**MATERIAL PROVIDED**.
#####
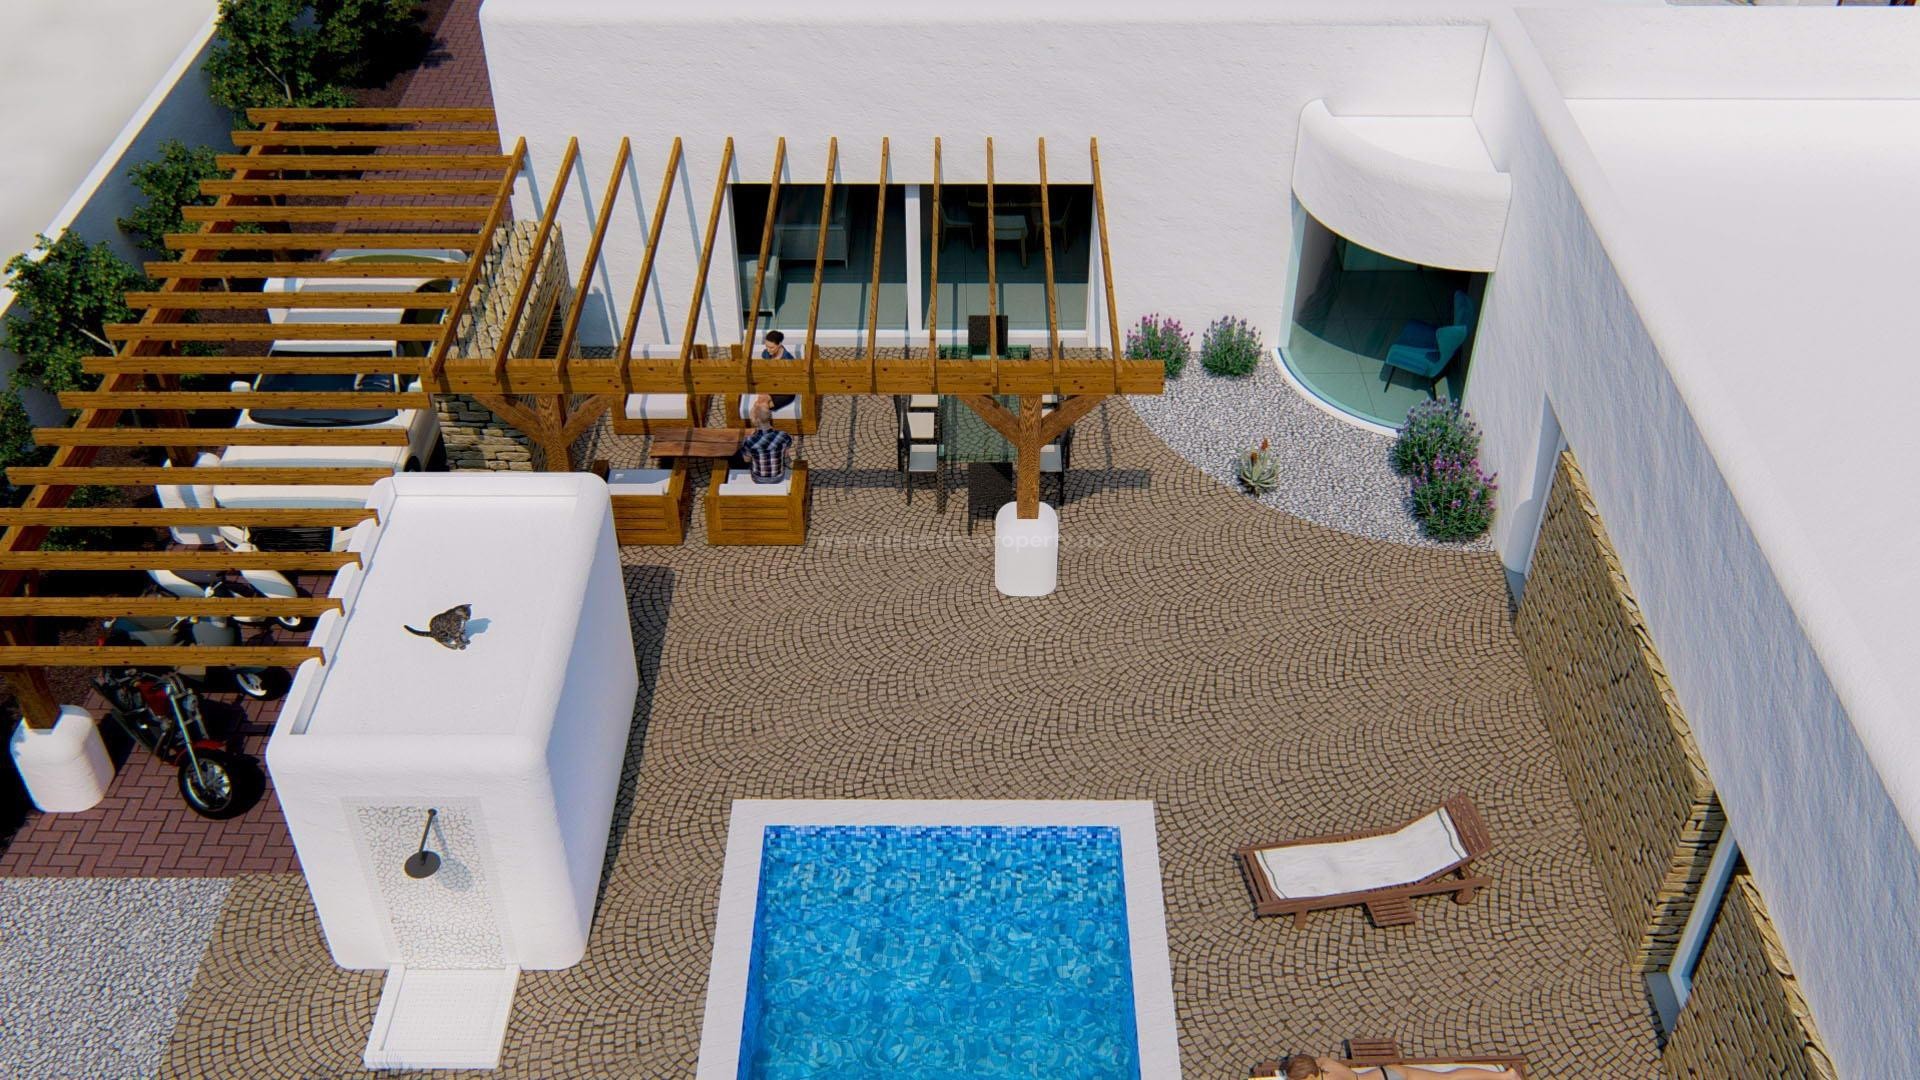 Eksklusive hus/villa i Ibiza-stil i Alfaz del Pi, 4 soverom, 2 bad, stor terrassen med bassengområdet mot sør.
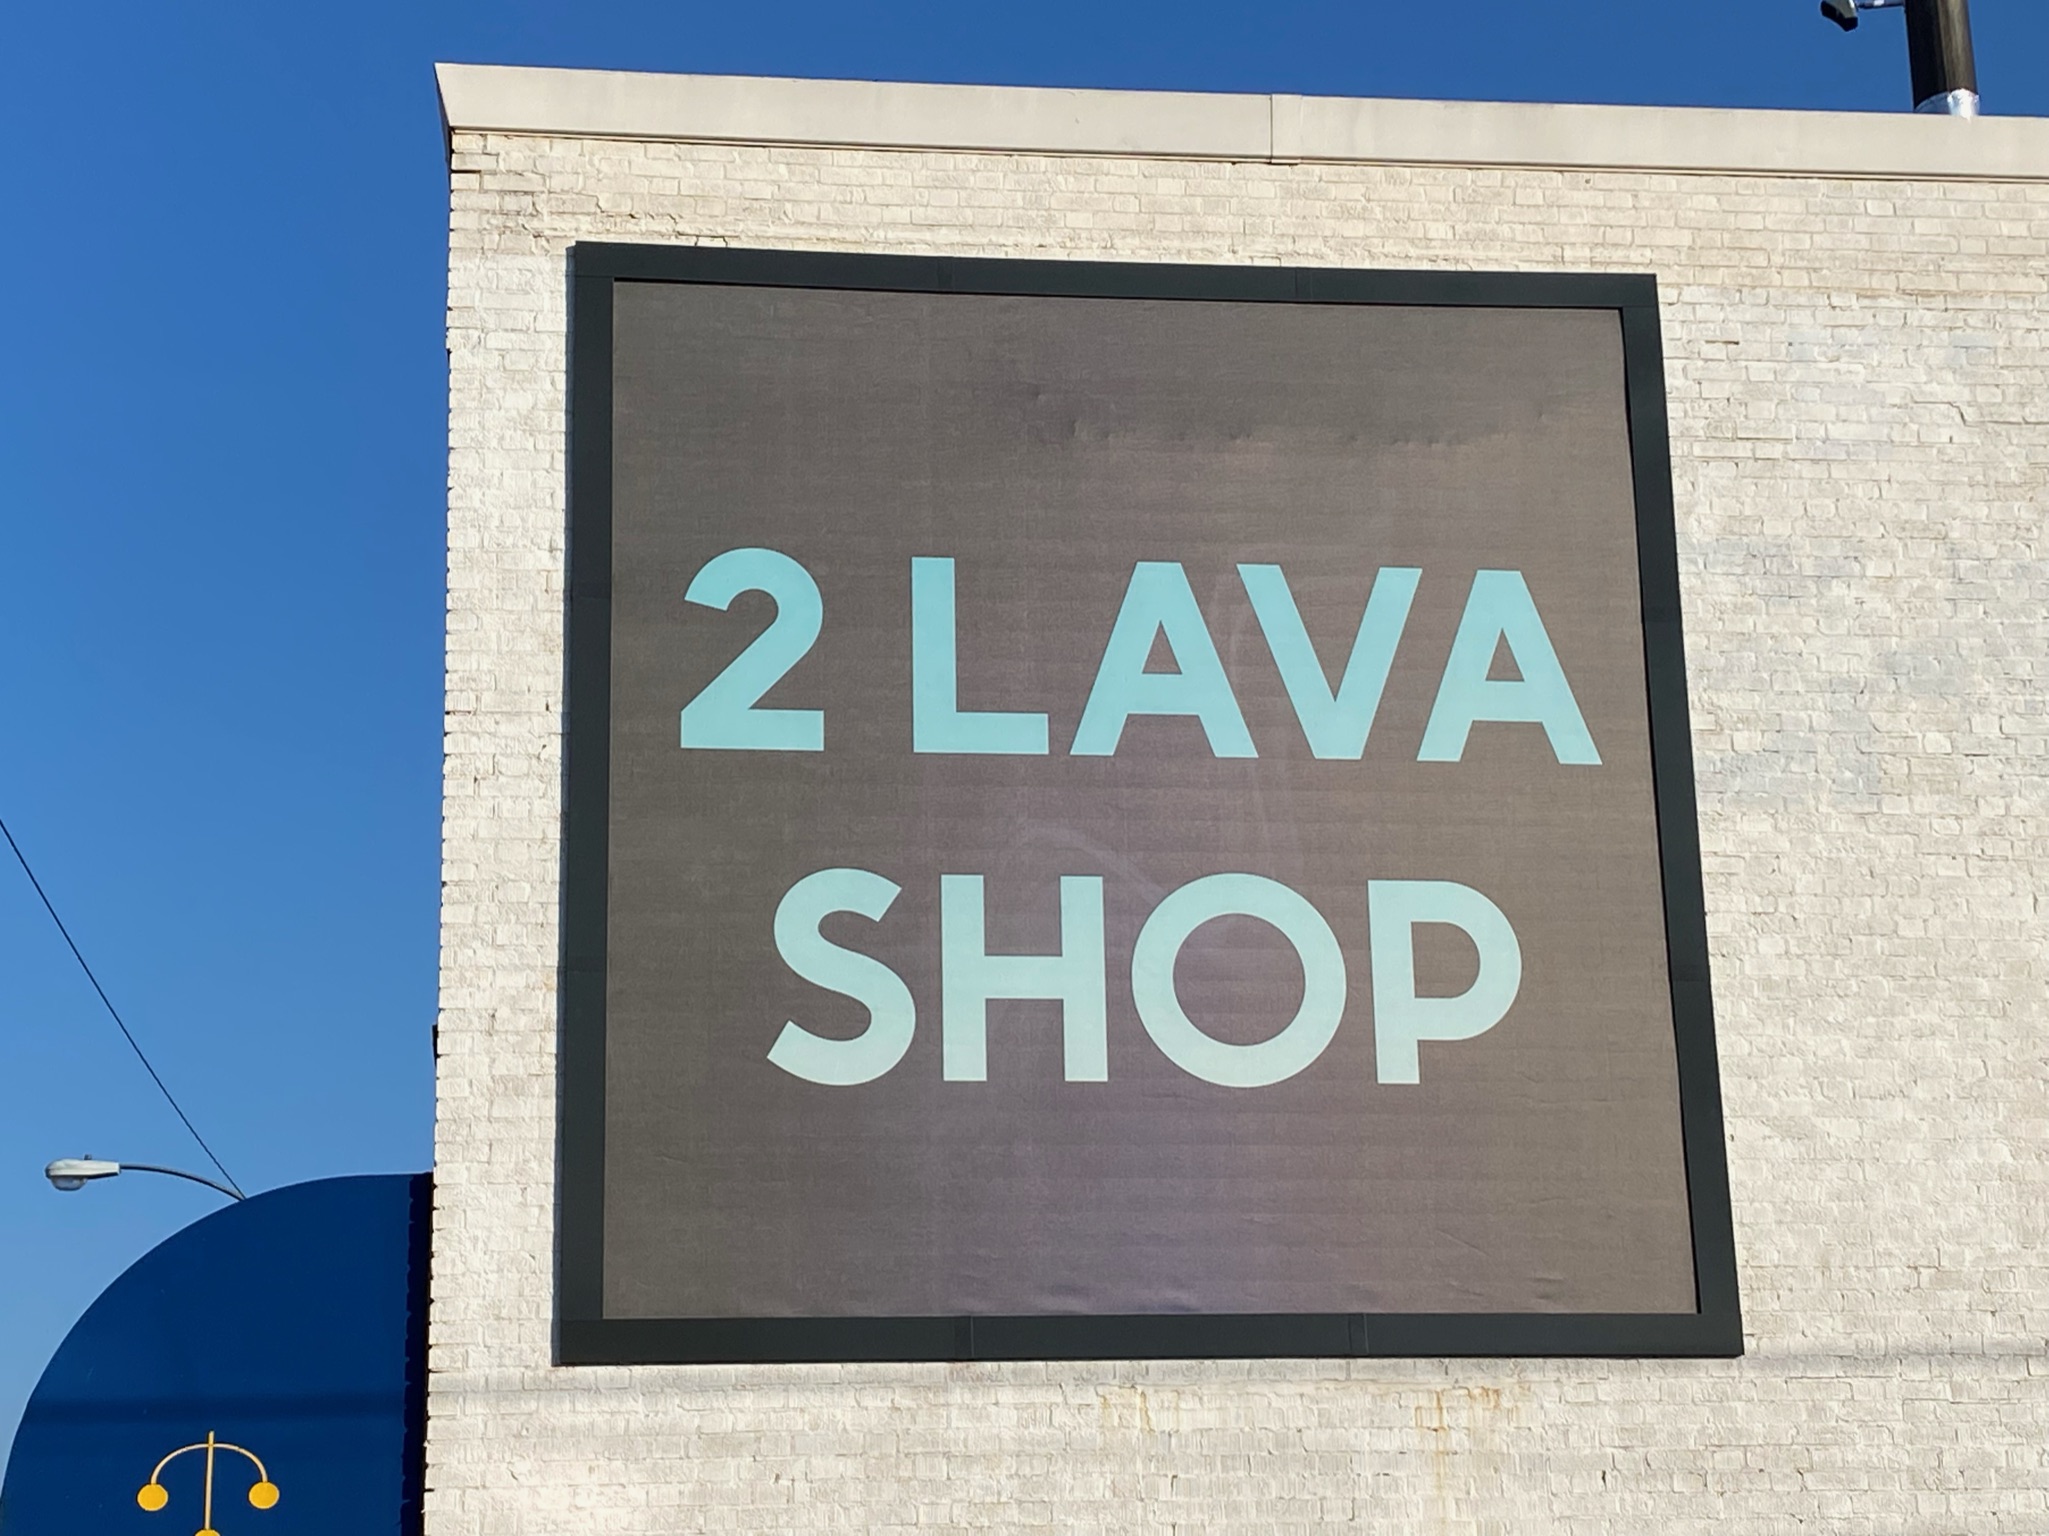 2-Lava-Shop-Banner-Lind-SignSpring-BannerFrame-For-Retail Sick of Wrinkles?
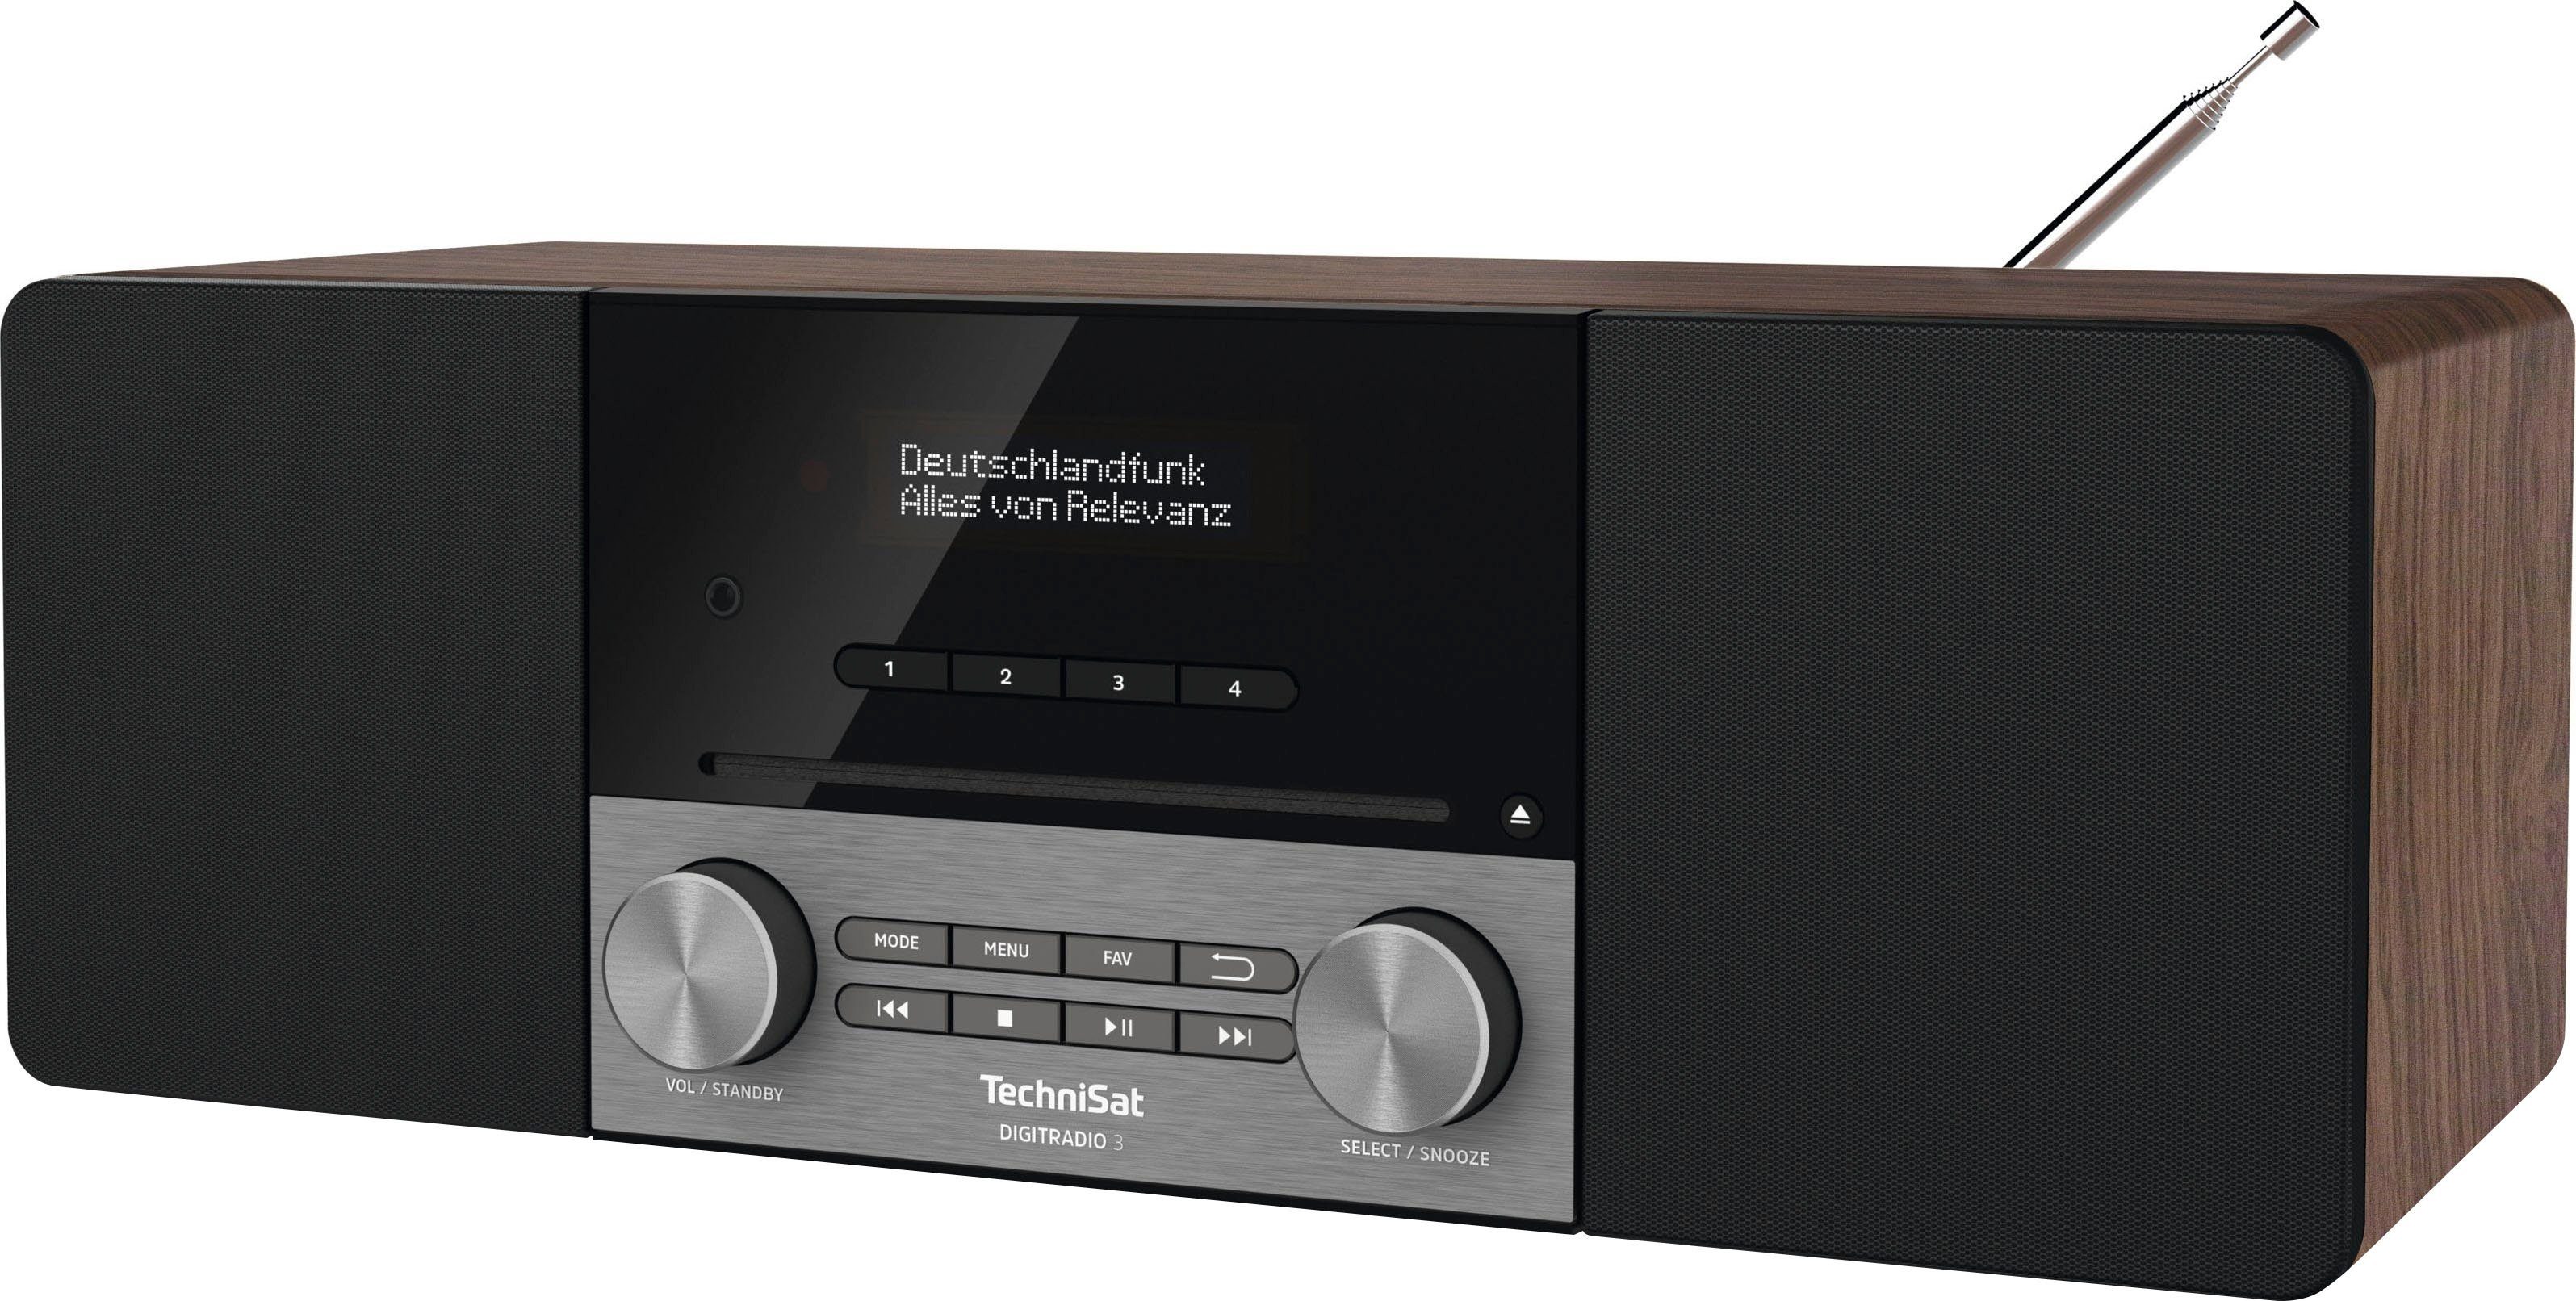 TechniSat 3 Germany) UKW W, (Digitalradio (DAB) Nussbaum in Made CD-Player, (DAB), Digitalradio 20 RDS, mit DIGITRADIO
#####
**WHAT IS REQUIRED**.
Would you please output the listing above exactly, leaving out the pictures?

**OUTPUT OF THE TASK**.
 Eksklusive hus/villa i Ibiza-stil i Alfaz del Pi, 4 soverom, 2 bad, stor terrassen med bassengområdet mot sør.
 2-Lava-Shop-Banner-Lind-SignSpring-BannerFrame-For-Retail Sick of Wrinkles?
 TechniSat 3 Germany) UKW W, (Digitalradio (DAB) Nussbaum in Made CD-Player, (DAB), Digitalradio 20 RDS, mit DIGITRADIO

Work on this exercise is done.